I don't really need to sync every write so now I changed code to sync every 16MB and I got write speed 4.5 MB/s with 32KB buffer.

I tested this SD card on PC with just file copy so yes, it may be questionable.

I tried to test it with CrystalDiskMark now and got this results:

-----------------------------------------------------------------------

CrystalDiskMark 3.0.3 (C) 2007-2013 hiyohiyo

                           Crystal Dew World : http://crystalmark.info/

-----------------------------------------------------------------------

* MB/s = 1,000,000 byte/s [SATA/300 = 300,000,000 byte/s]

           Sequential Read :    19.393 MB/s

          Sequential Write :     5.210 MB/s

         Random Read 512KB :    19.087 MB/s

        Random Write 512KB :     0.589 MB/s

    Random Read 4KB (QD=1) :     2.761 MB/s [   674.0 IOPS]

   Random Write 4KB (QD=1) :     0.005 MB/s [     1.3 IOPS]

   Random Read 4KB (QD=32) :     0.000 MB/s [     0.0 IOPS]

  Random Write 4KB (QD=32) :     0.000 MB/s [     0.0 IOPS]

  Test : 100 MB [G: 0.0% (0.0/7452.0 MB)] (x5)

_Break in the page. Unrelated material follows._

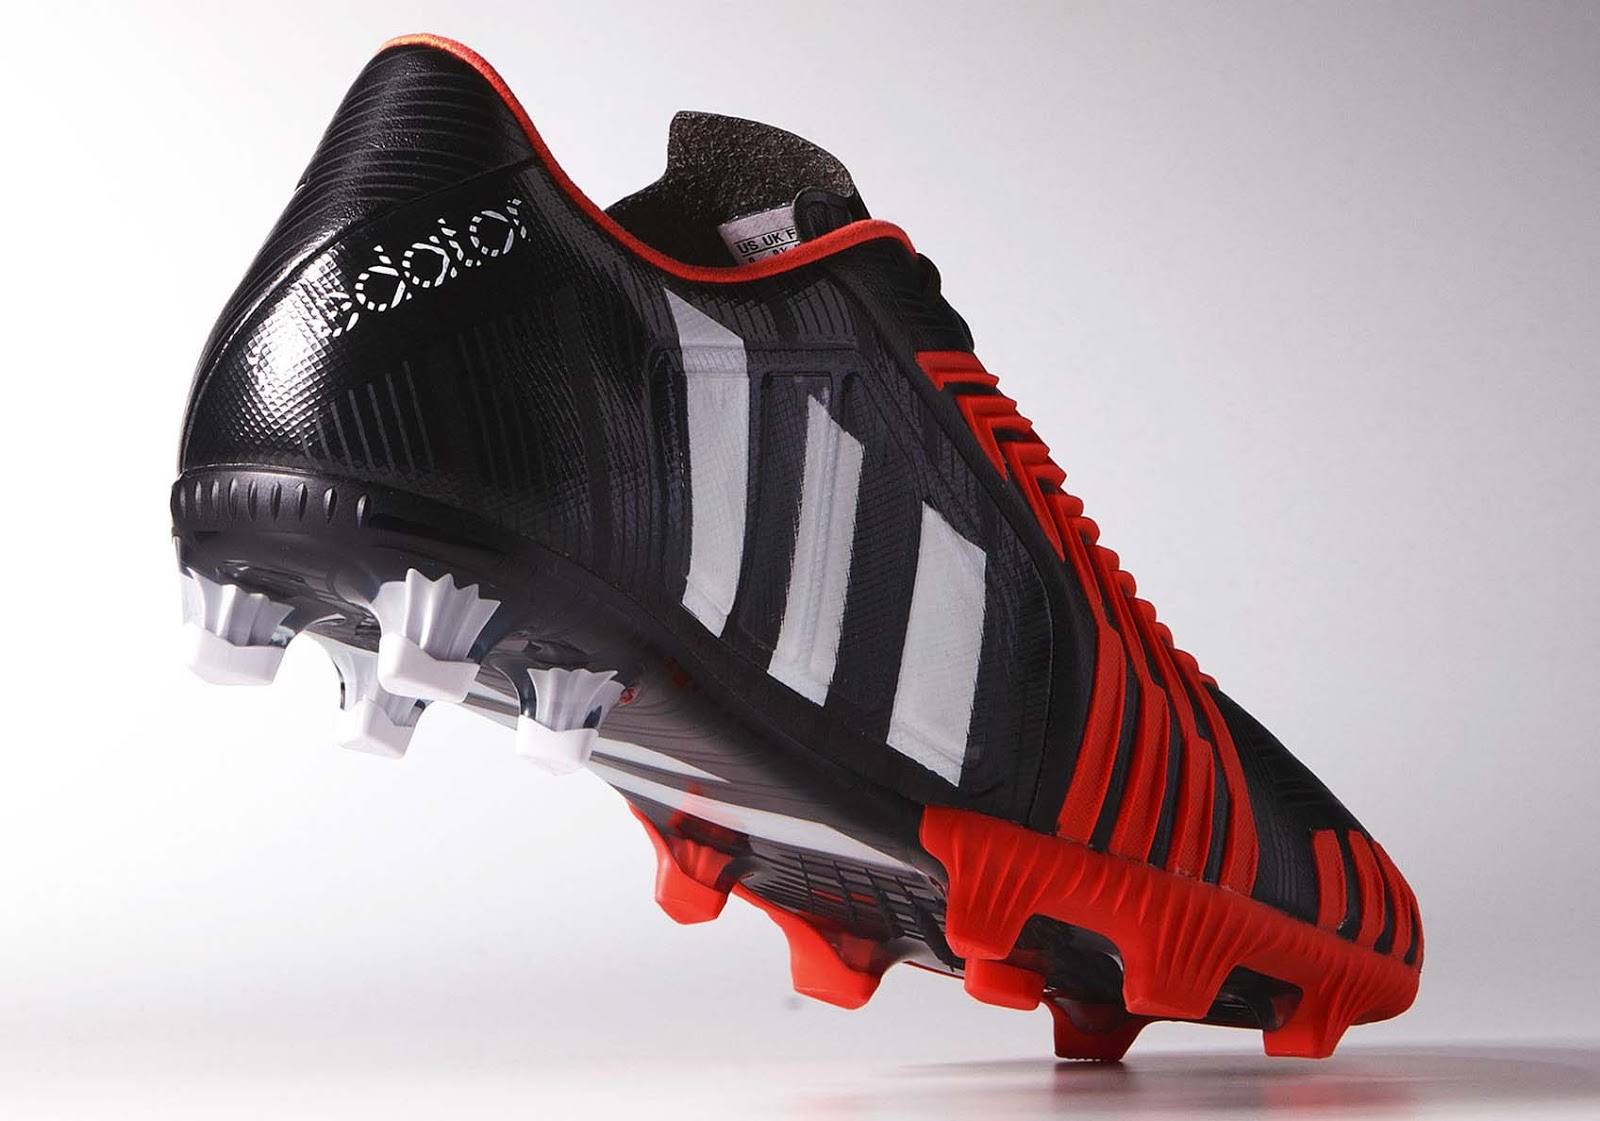 black red adidas predator instinct 2015 boot released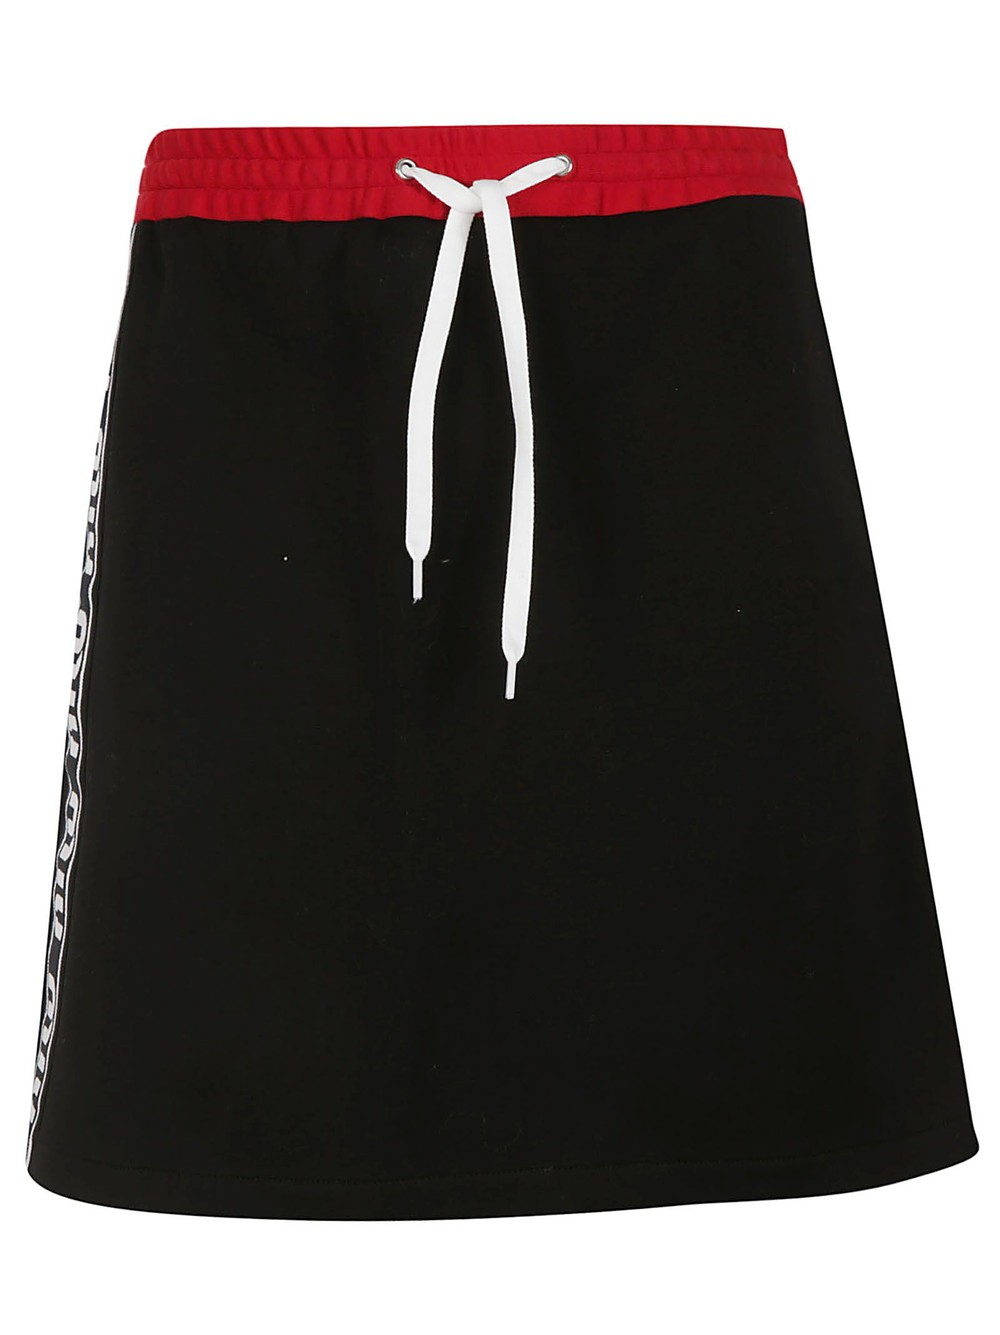 Miu Miu Logo Band Mini Skirt in black

  Date : 2014/07/23 21:21:10

    OS : Windows 7 Professional SP1 [6.1 Build 7601] (x86)

francescatodiego
Associate II
Posted on July 23, 2014 at 16:28

SD card register CSD define rd  speed and wr speed for card

https://www.sdcard.org/downloads/pls/simplified_specs/part1_410.pdf pag 114

R2W_FACTOR field define max write speed for SD card

read here:

http://goughlui.com/?p=5497 you can decode the CSD register value online

(select the link CSD version1 or CSD version2 and copy the CSD register value )

You can also try with the values in the page

pbox
Associate II
Posted on July 23, 2014 at 17:19

This does not apply for SDHC and SDXC cards, they have fixed  100ms/250ms read/write timeouts.